→ Data
--- START ---

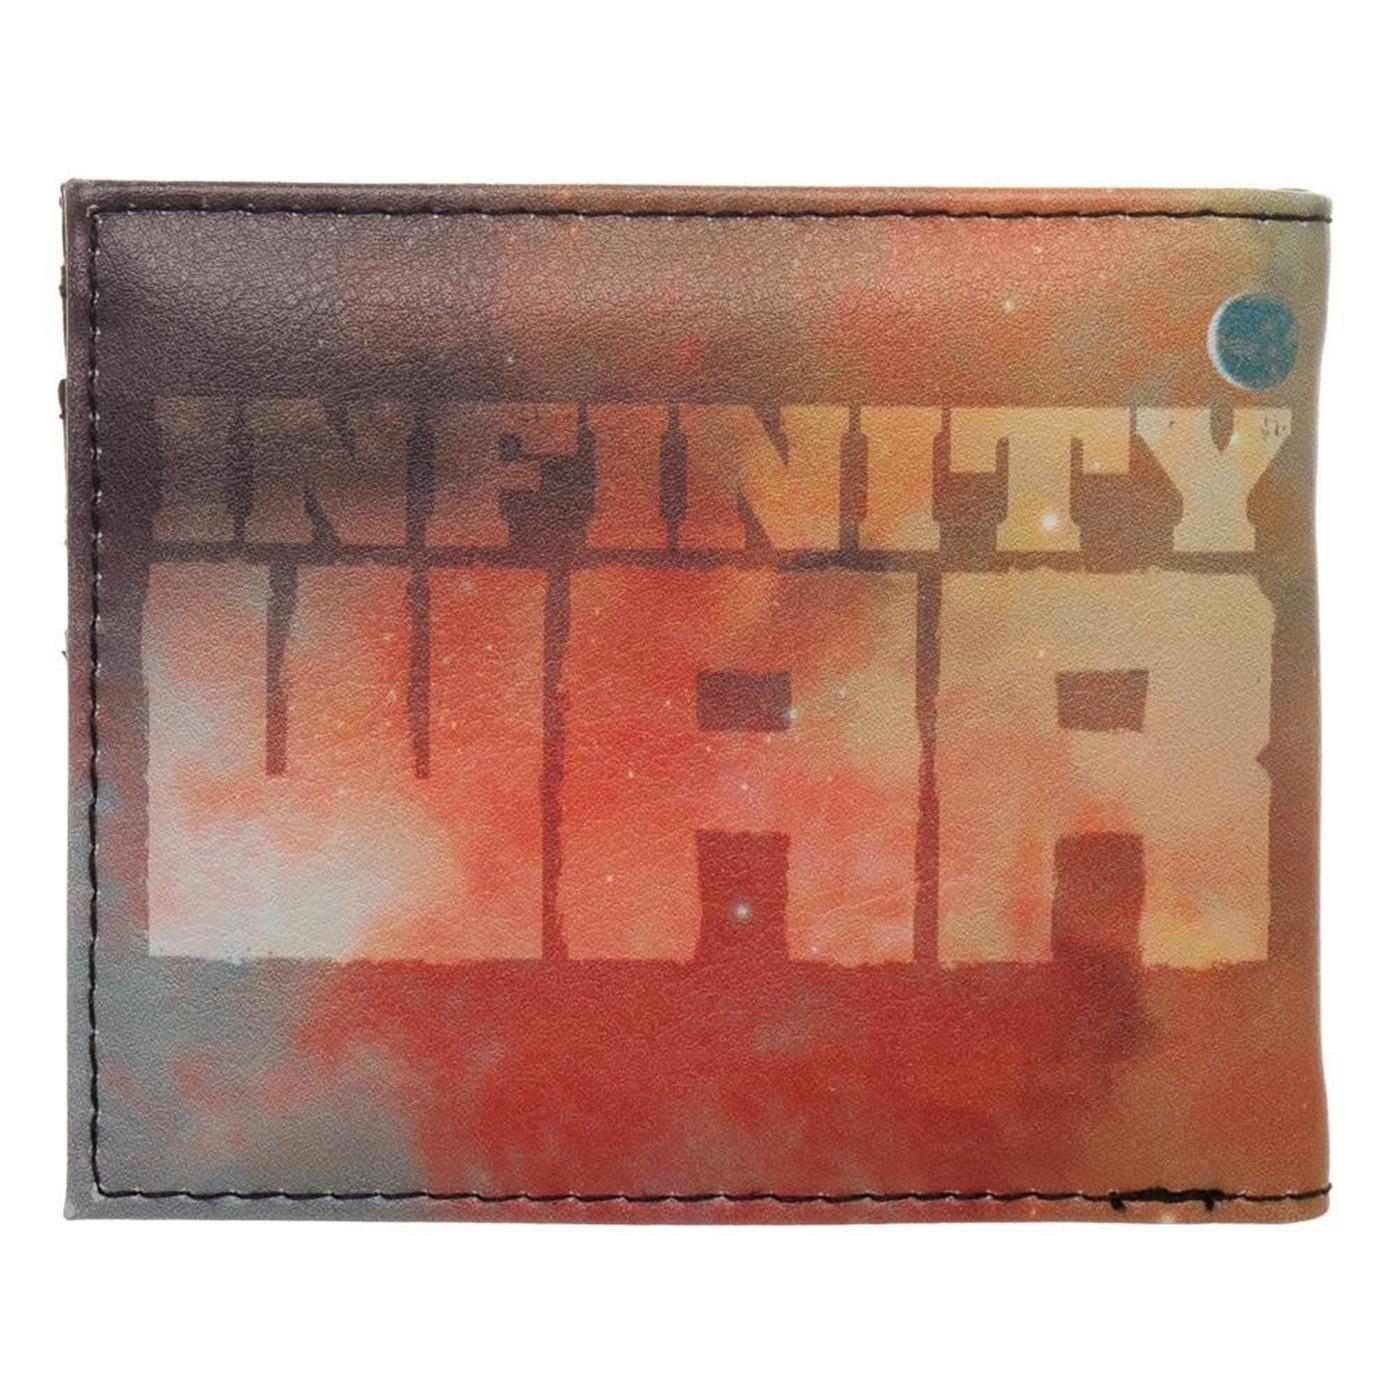 Infinity War Thanos Quickturn Men's Bi-Fold Wallet
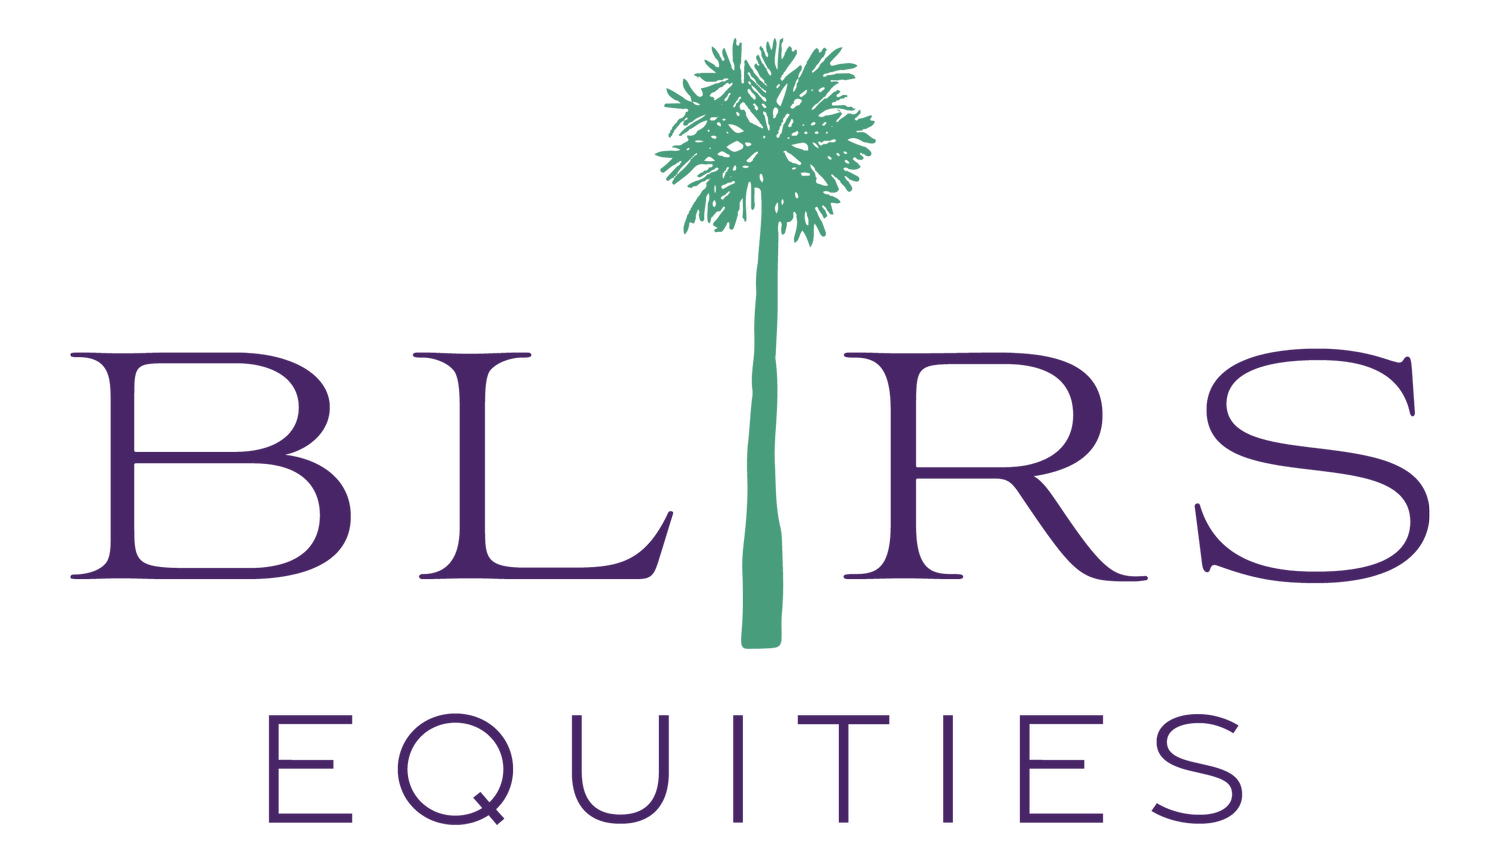 BLRS Equities
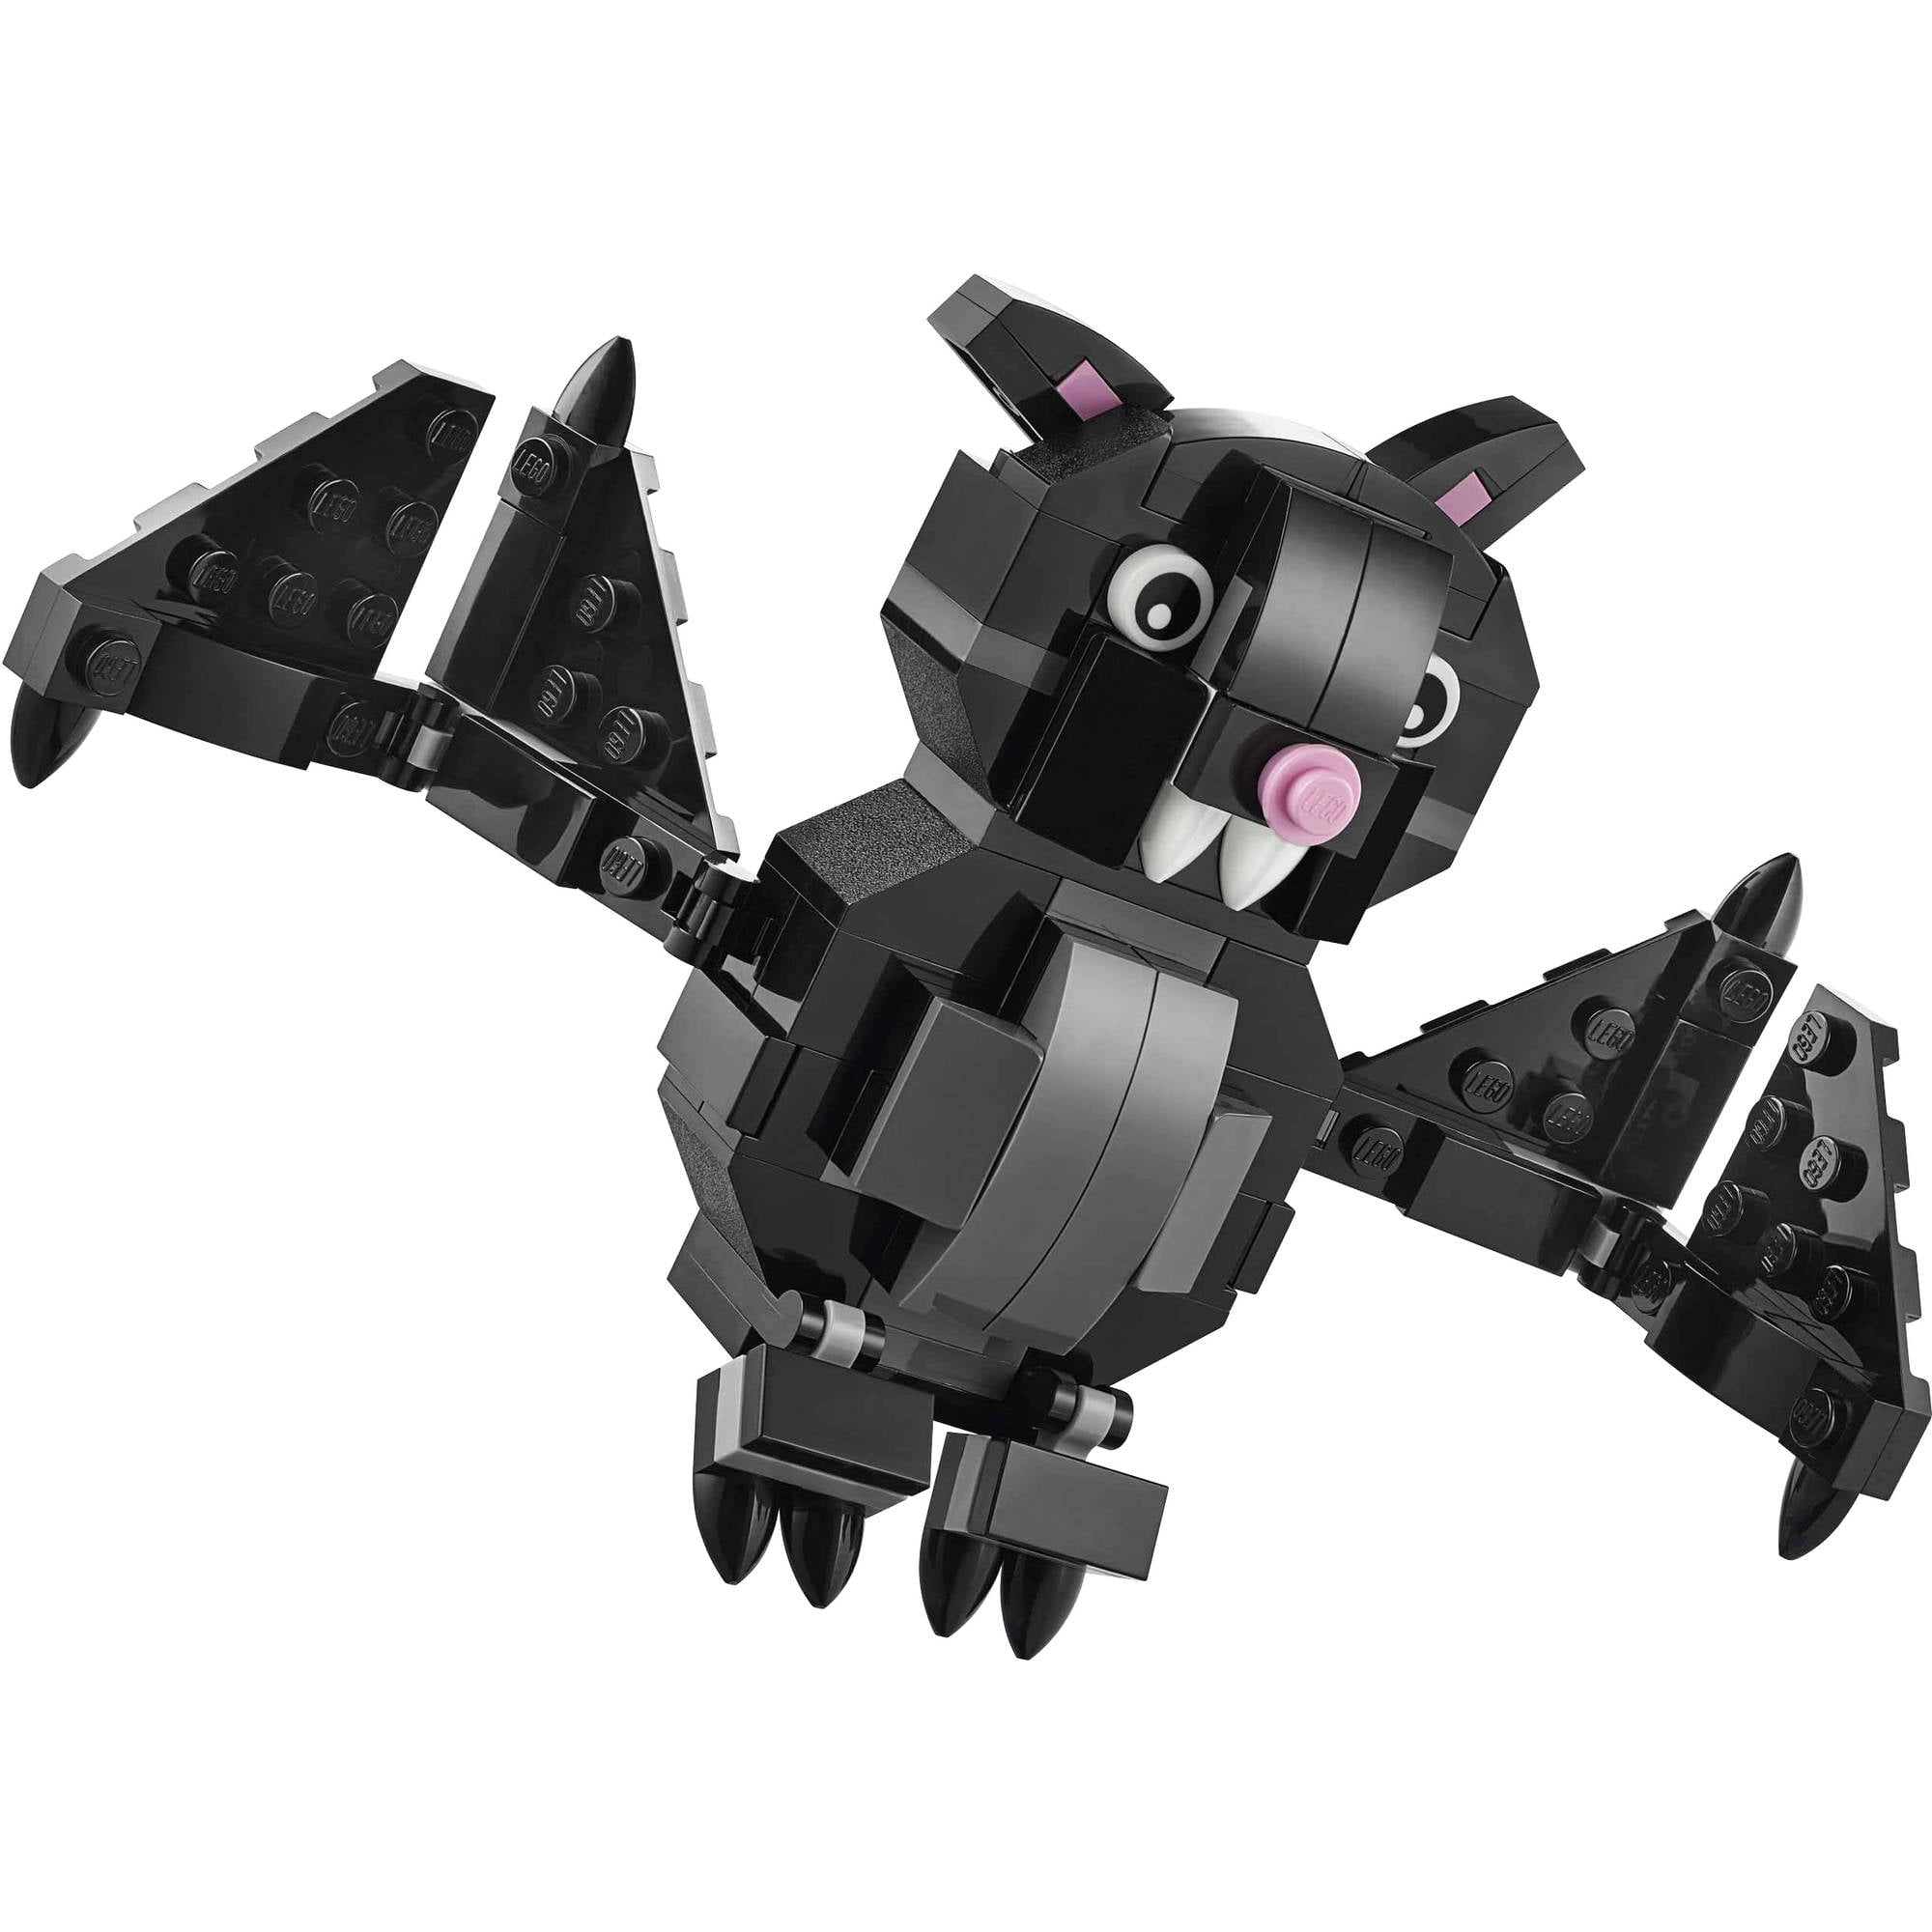 LEGO Halloween Bat Building Set

--- END ---

→ What the task requires
Each line above is to be duplicated exactly, and the pictures are to be omitted.

→ Solution to this exercise
 Infinity War Thanos Quickturn Men's Bi-Fold Wallet
 BLRS Equities
 LEGO Halloween Bat Building Set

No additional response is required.